EXERCISE DETAILS
Write the listing out again word for word, skipping each picture.

DATASET EXTRACT
-------

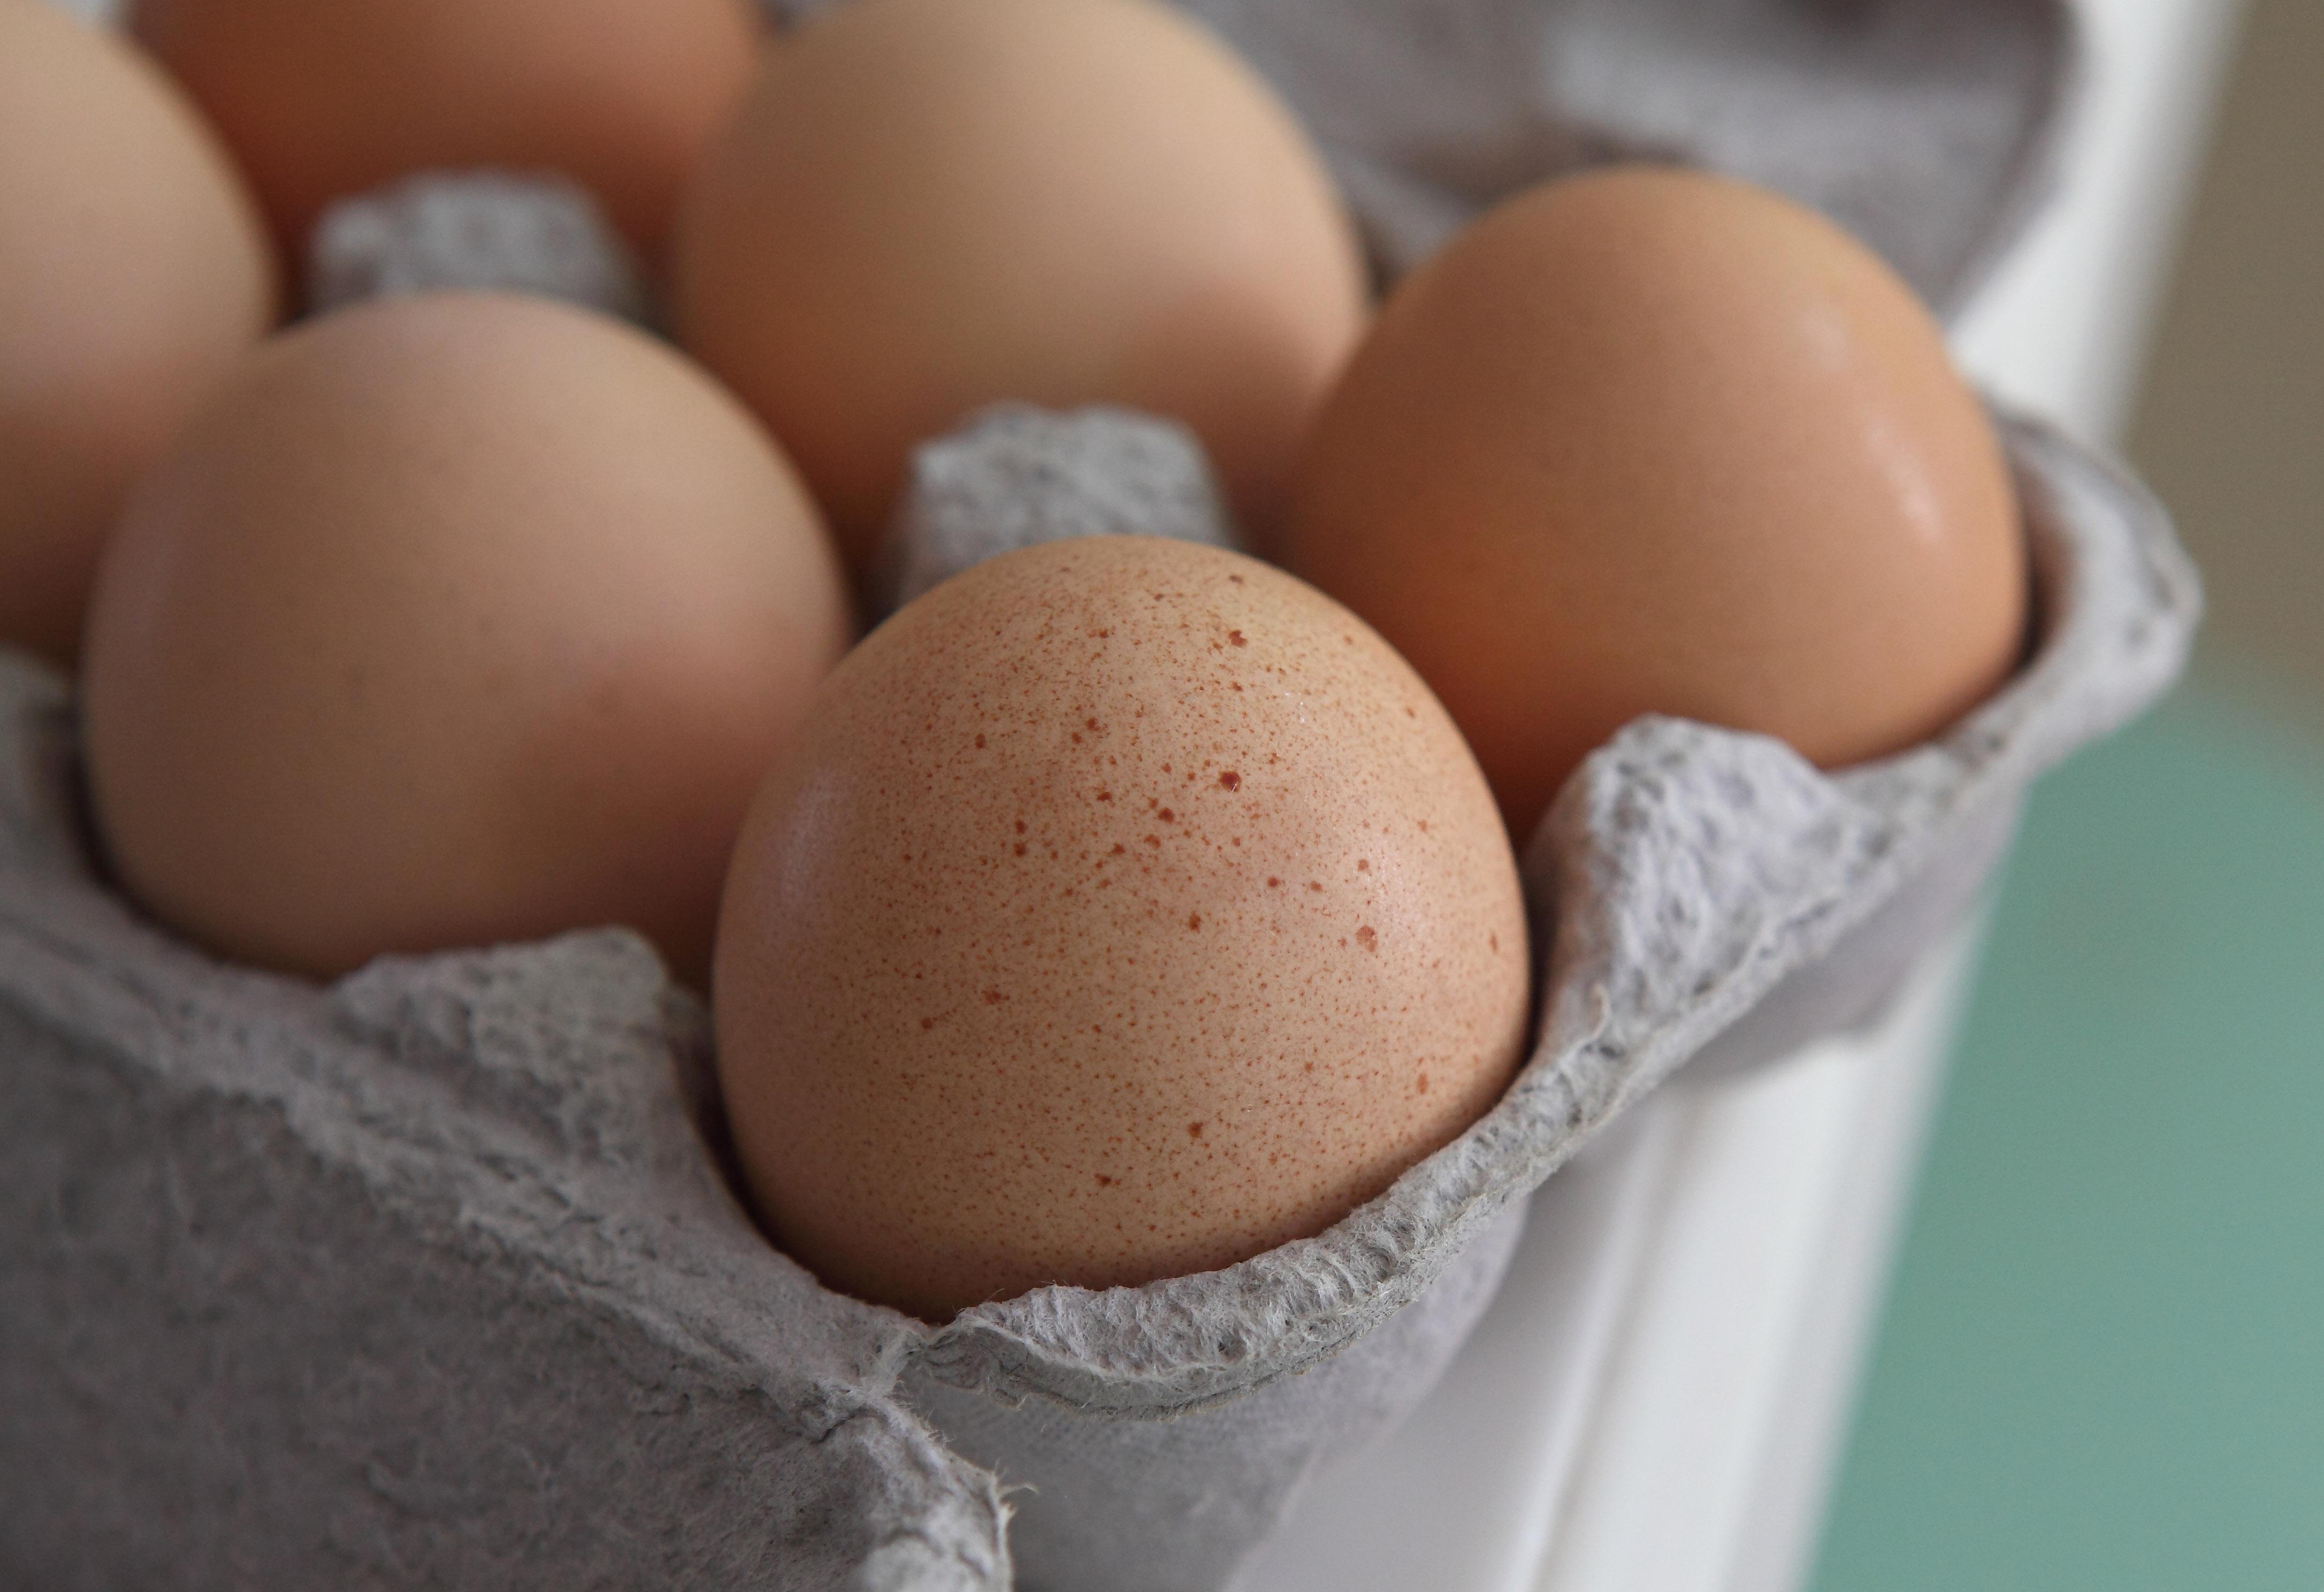 Cate oua putem manca? Sfaturile medicilor, rasturnate de un nou studiu
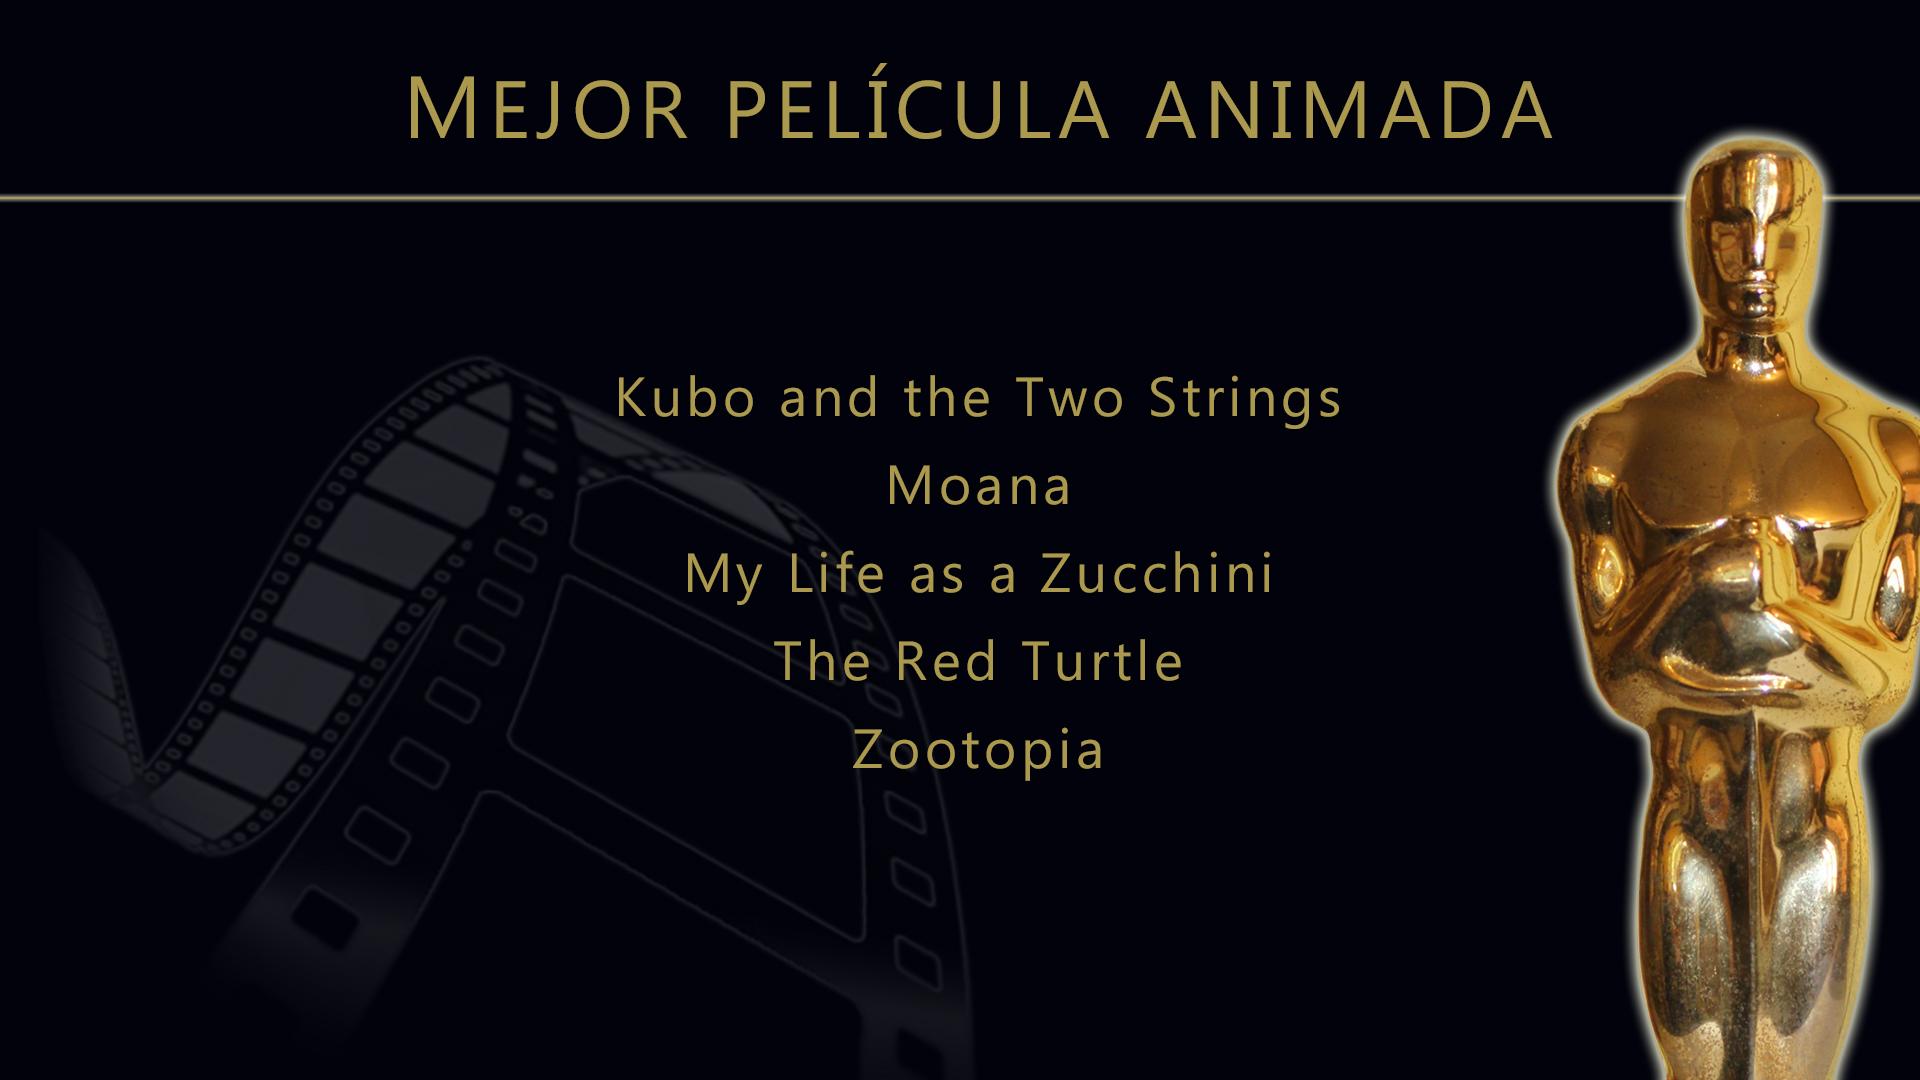 Resultado de imagen de nominados oscars pelicula de animacion 2017
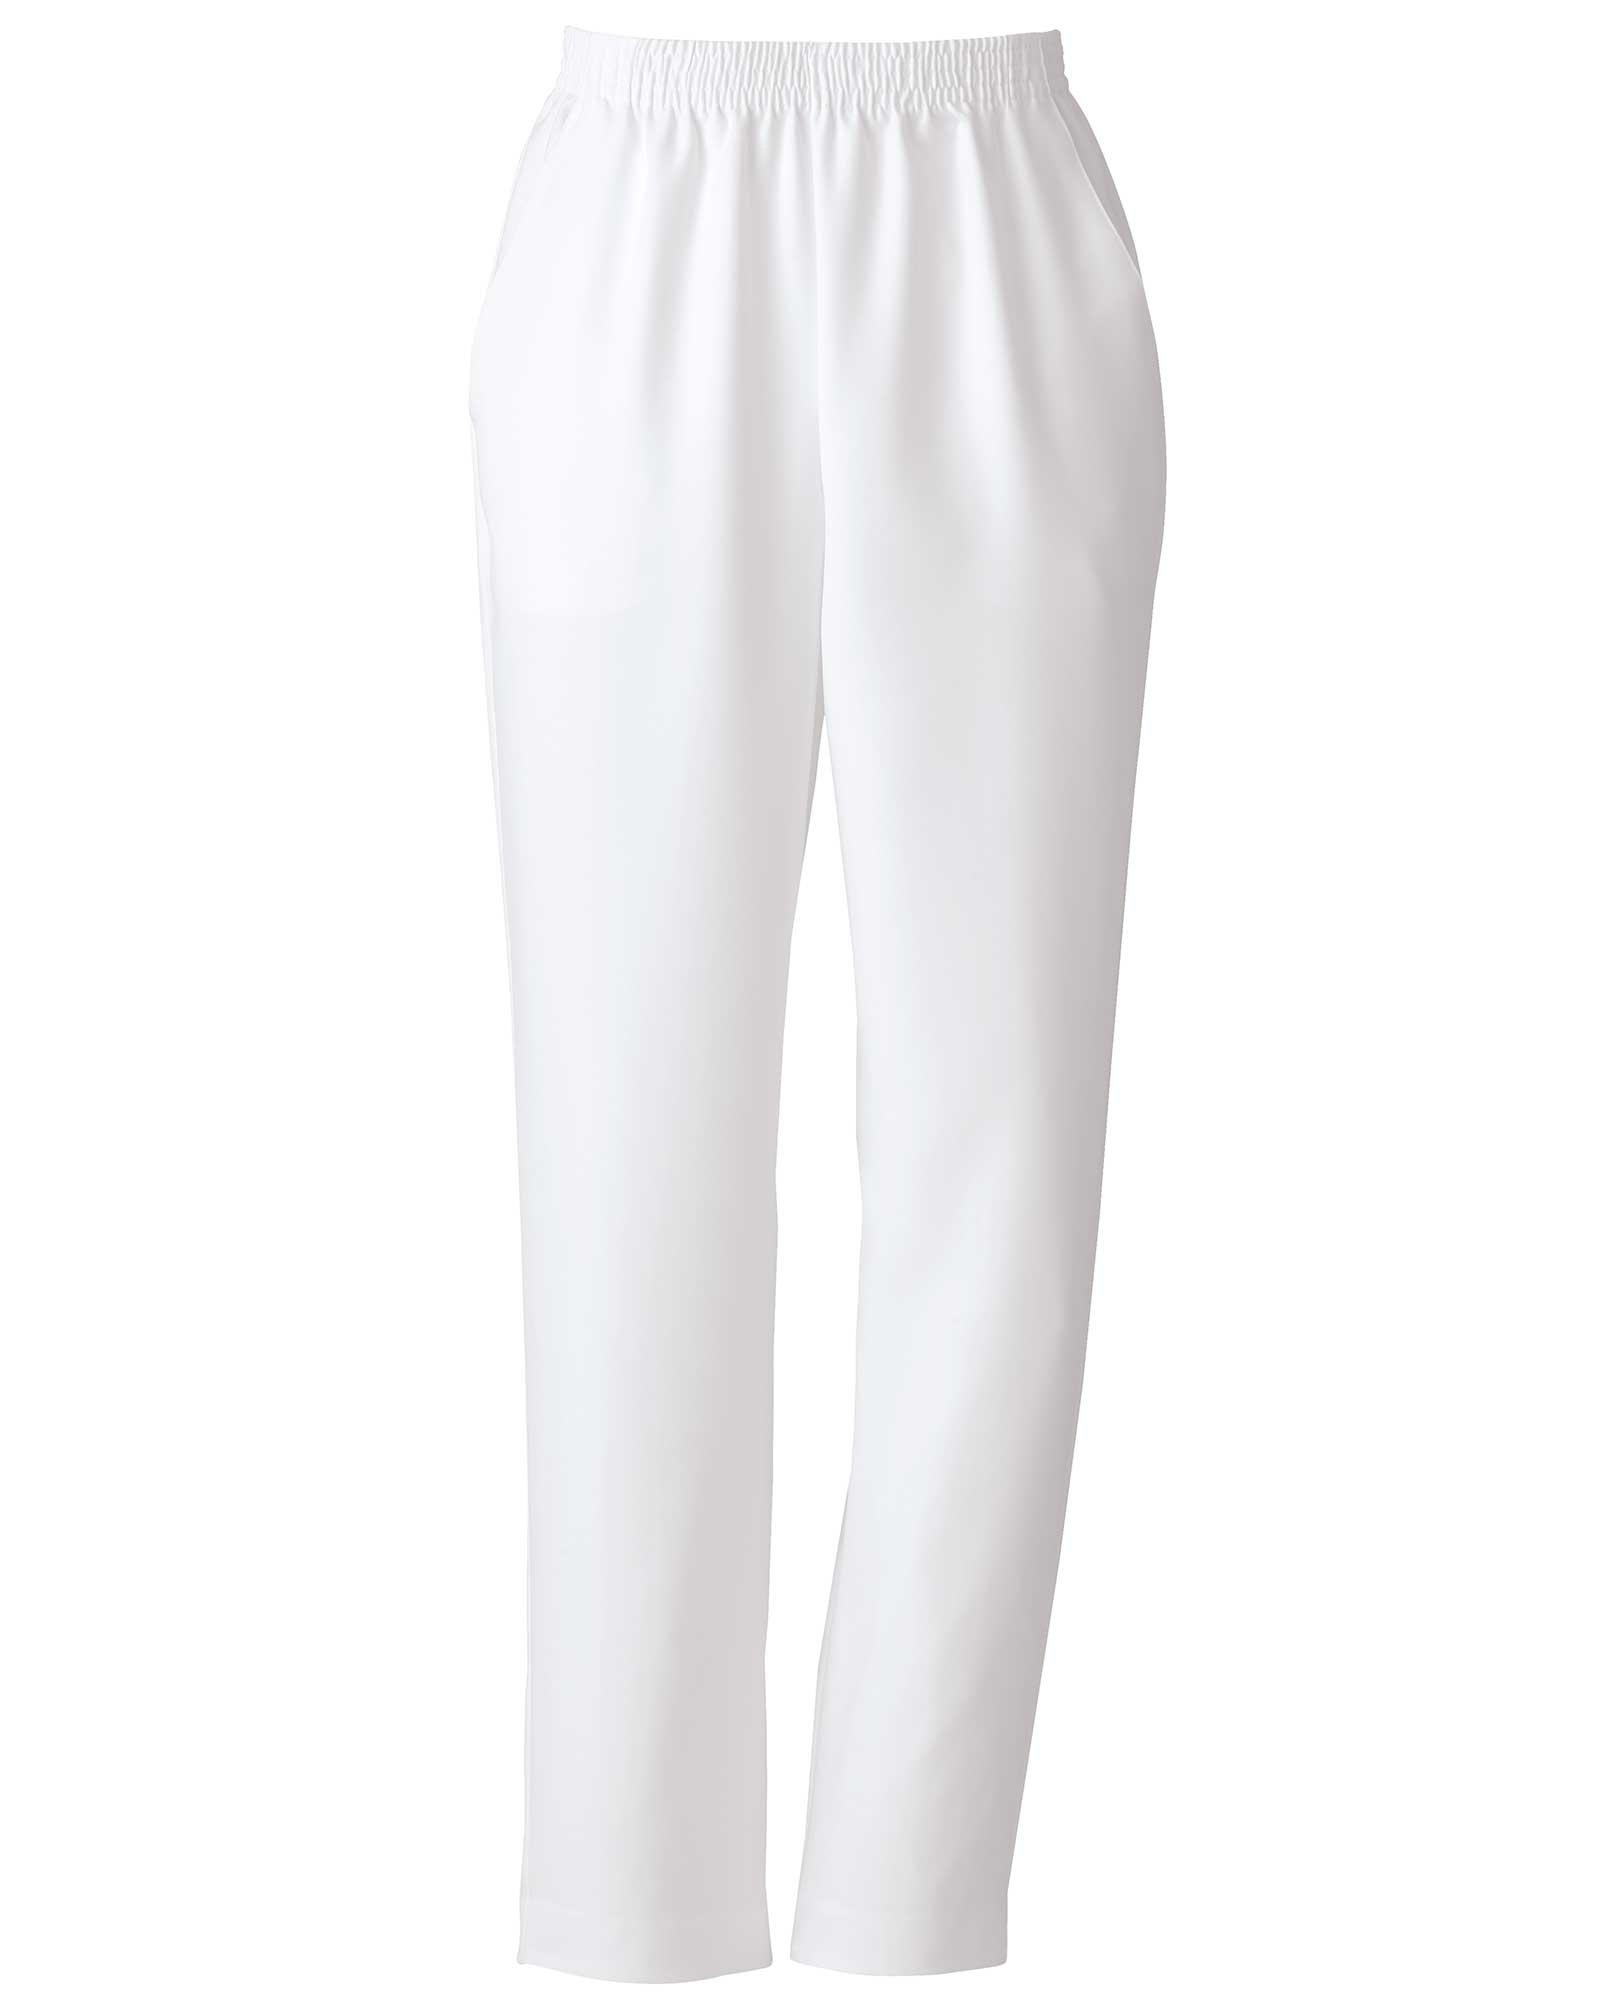 Donnkenny Elastic-Waist Gabardine Pull-On Pants, White, 18 Petite

-------

ANSWER BOX
 Cate oua putem manca? Sfaturile medicilor, rasturnate de un nou studiu
 Resultado de imagen de nominados oscars pelicula de animacion 2017
 Donnkenny Elastic-Waist Gabardine Pull-On Pants, White, 18 Petite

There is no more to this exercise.